━━━ Supplied data ━━━
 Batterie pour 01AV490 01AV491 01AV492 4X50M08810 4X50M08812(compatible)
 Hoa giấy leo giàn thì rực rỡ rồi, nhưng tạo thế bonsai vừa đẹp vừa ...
━━━
━━━ Supplied data ━━━
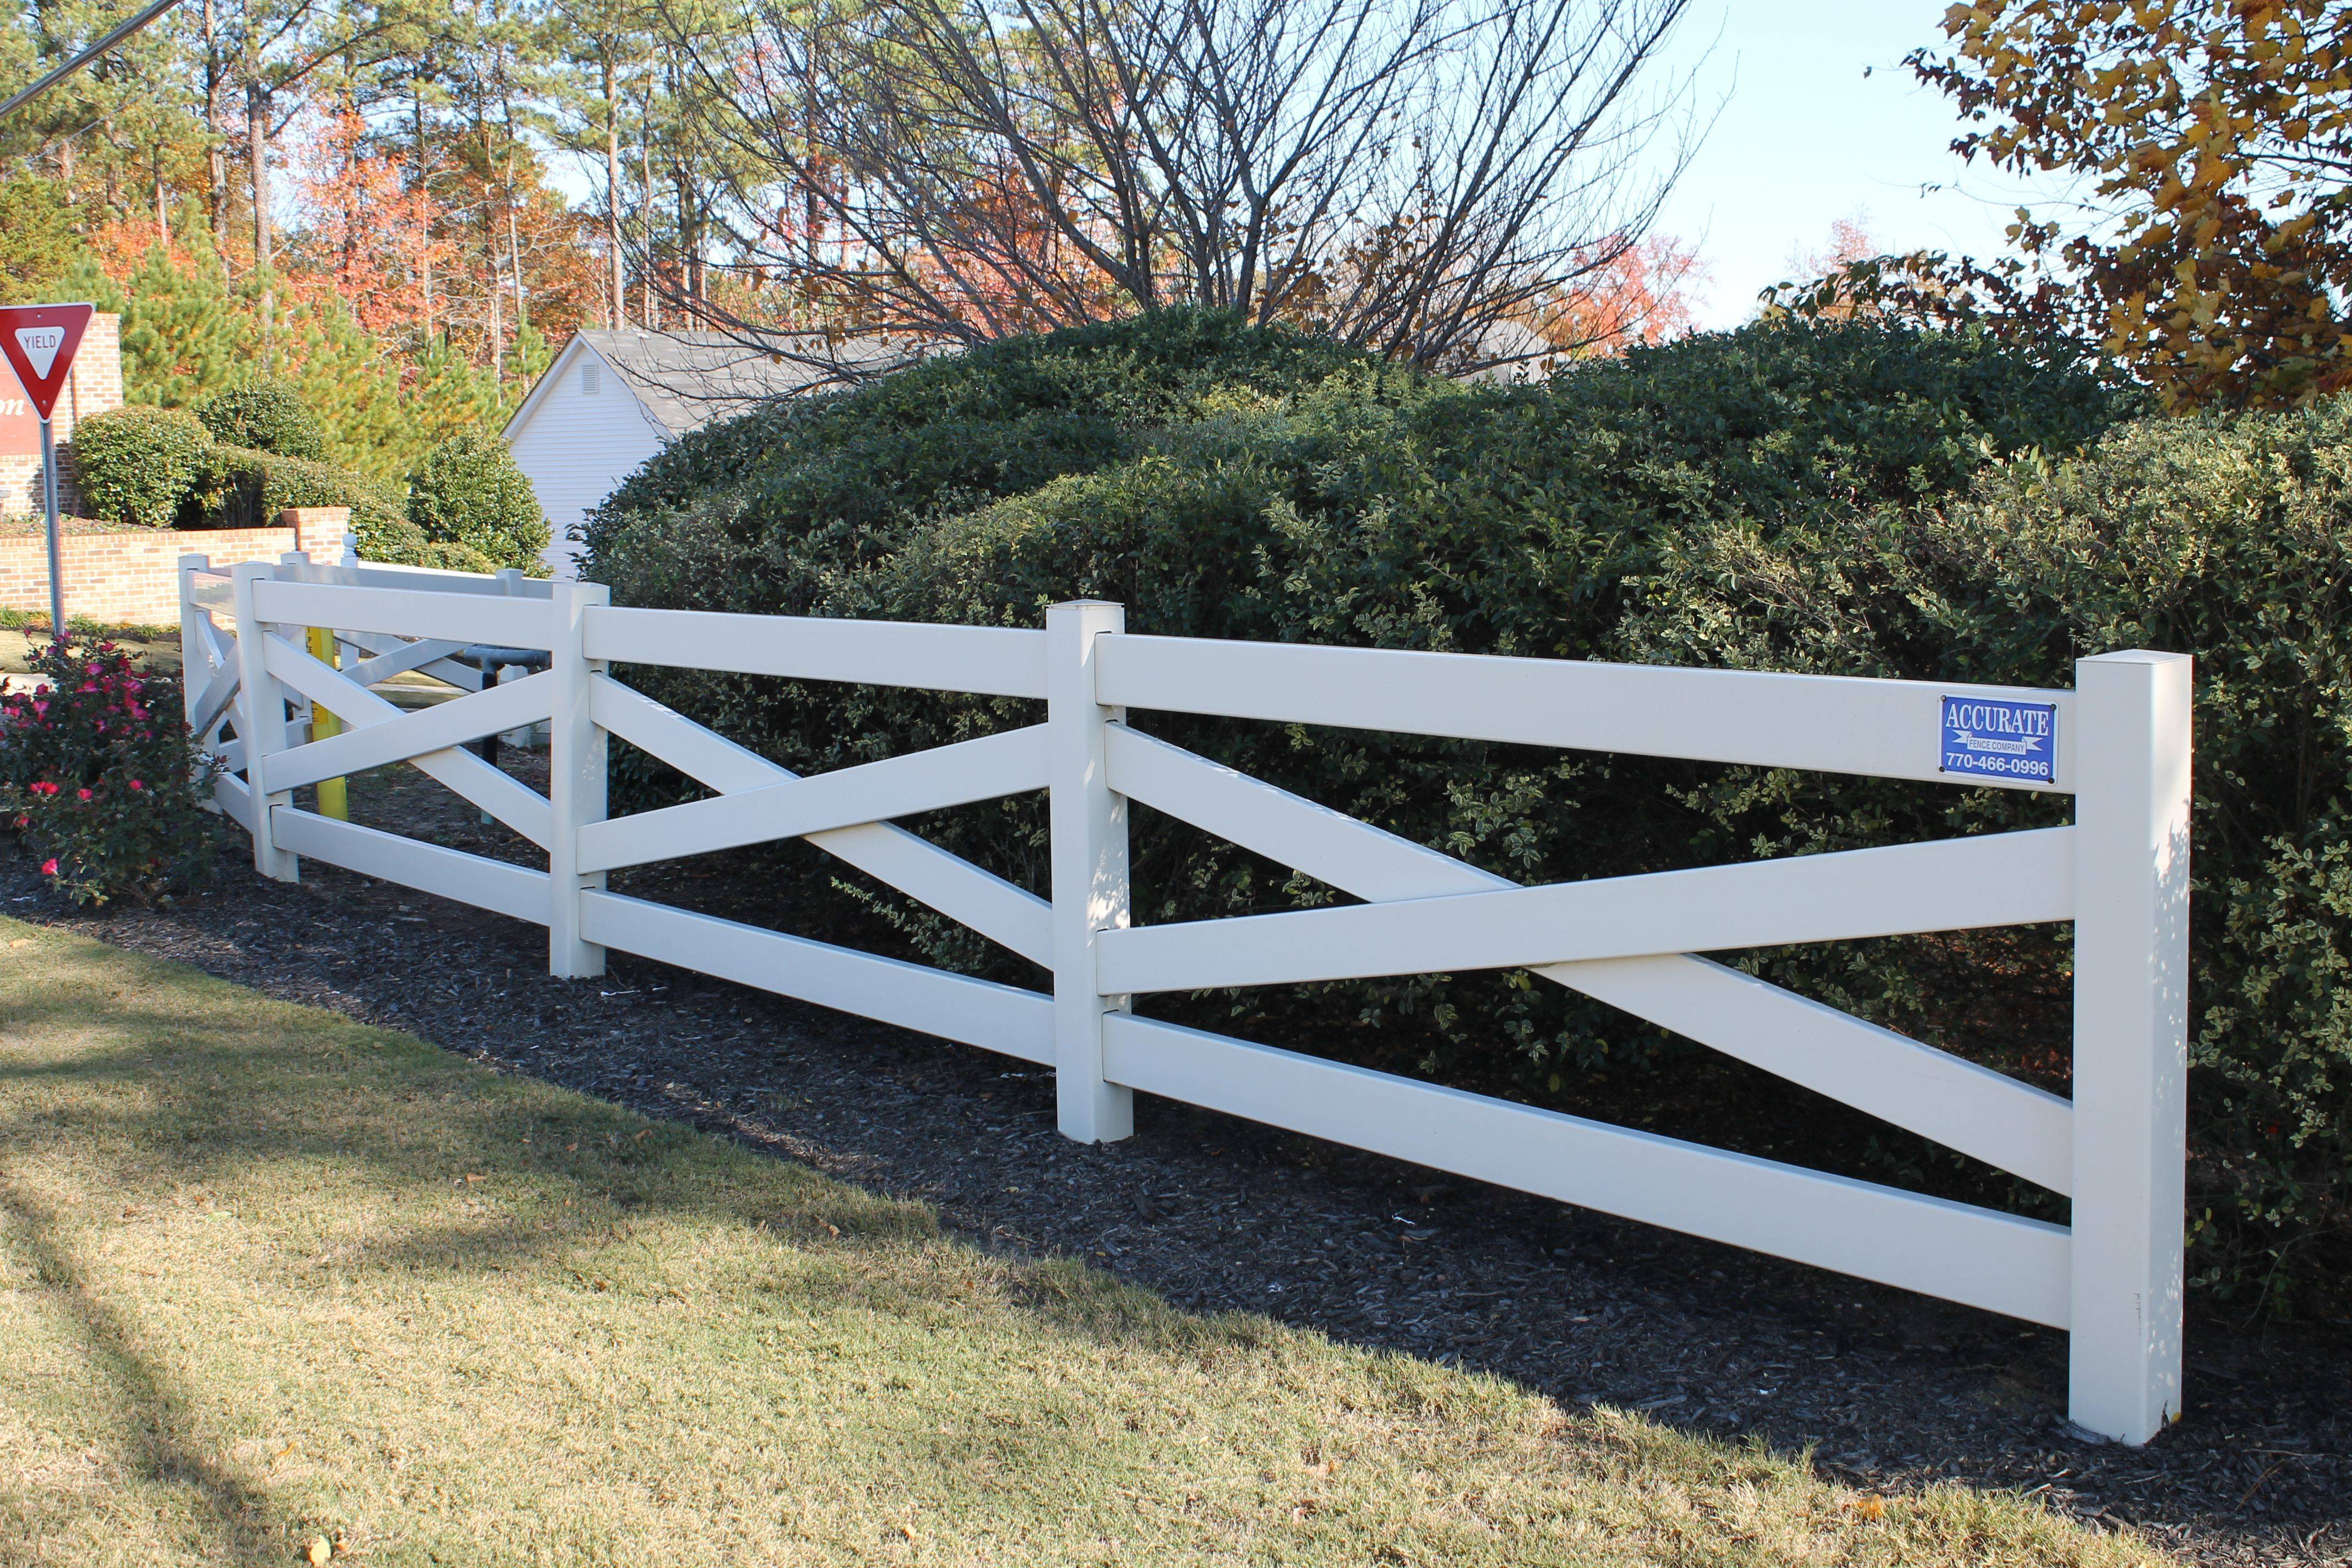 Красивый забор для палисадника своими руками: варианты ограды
━━━
- Exercise prompt:
Everything from the line containing "Batterie pour 01AV490" through the line containing "Hoa giấy leo" in the material above should be retyped exactly, both ends included, and nothing more.

- Solved exercise:
 Batterie pour 01AV490 01AV491 01AV492 4X50M08810 4X50M08812(compatible)
 Hoa giấy leo giàn thì rực rỡ rồi, nhưng tạo thế bonsai vừa đẹp vừa ...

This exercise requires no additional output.